- _Your task_
Produce a copy of every line in the records that holds the string "Nike".

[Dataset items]
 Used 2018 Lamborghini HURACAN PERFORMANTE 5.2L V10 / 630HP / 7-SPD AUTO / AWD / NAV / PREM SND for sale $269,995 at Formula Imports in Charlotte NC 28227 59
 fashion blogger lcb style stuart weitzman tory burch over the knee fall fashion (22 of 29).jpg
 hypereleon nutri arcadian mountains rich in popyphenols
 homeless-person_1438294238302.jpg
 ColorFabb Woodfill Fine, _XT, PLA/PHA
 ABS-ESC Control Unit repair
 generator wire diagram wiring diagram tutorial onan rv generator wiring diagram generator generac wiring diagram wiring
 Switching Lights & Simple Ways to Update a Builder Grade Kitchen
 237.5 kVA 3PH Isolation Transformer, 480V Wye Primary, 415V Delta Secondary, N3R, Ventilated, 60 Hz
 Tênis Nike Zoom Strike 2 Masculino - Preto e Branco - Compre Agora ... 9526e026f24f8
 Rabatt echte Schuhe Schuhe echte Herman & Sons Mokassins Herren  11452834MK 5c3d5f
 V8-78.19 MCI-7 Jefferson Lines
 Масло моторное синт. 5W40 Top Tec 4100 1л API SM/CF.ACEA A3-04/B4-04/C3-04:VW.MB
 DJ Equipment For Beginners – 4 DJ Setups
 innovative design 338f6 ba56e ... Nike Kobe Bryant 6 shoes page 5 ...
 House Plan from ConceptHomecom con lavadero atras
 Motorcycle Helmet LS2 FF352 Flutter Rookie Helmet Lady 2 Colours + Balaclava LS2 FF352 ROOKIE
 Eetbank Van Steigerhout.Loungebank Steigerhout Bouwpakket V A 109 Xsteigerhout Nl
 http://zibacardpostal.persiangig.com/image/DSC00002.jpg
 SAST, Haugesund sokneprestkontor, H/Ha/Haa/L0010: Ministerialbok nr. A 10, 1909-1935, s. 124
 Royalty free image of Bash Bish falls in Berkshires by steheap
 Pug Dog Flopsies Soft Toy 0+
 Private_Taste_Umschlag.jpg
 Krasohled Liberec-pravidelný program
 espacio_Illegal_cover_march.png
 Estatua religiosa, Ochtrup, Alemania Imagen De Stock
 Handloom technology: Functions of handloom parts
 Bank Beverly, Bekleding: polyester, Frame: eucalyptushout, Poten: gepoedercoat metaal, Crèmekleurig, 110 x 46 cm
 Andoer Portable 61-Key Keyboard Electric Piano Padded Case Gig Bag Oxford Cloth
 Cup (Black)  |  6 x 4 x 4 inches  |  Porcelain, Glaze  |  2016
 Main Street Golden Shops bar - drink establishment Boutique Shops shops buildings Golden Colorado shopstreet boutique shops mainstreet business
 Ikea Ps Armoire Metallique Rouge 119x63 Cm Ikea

- _Result below_
 Tênis Nike Zoom Strike 2 Masculino - Preto e Branco - Compre Agora ... 9526e026f24f8
 innovative design 338f6 ba56e ... Nike Kobe Bryant 6 shoes page 5 ...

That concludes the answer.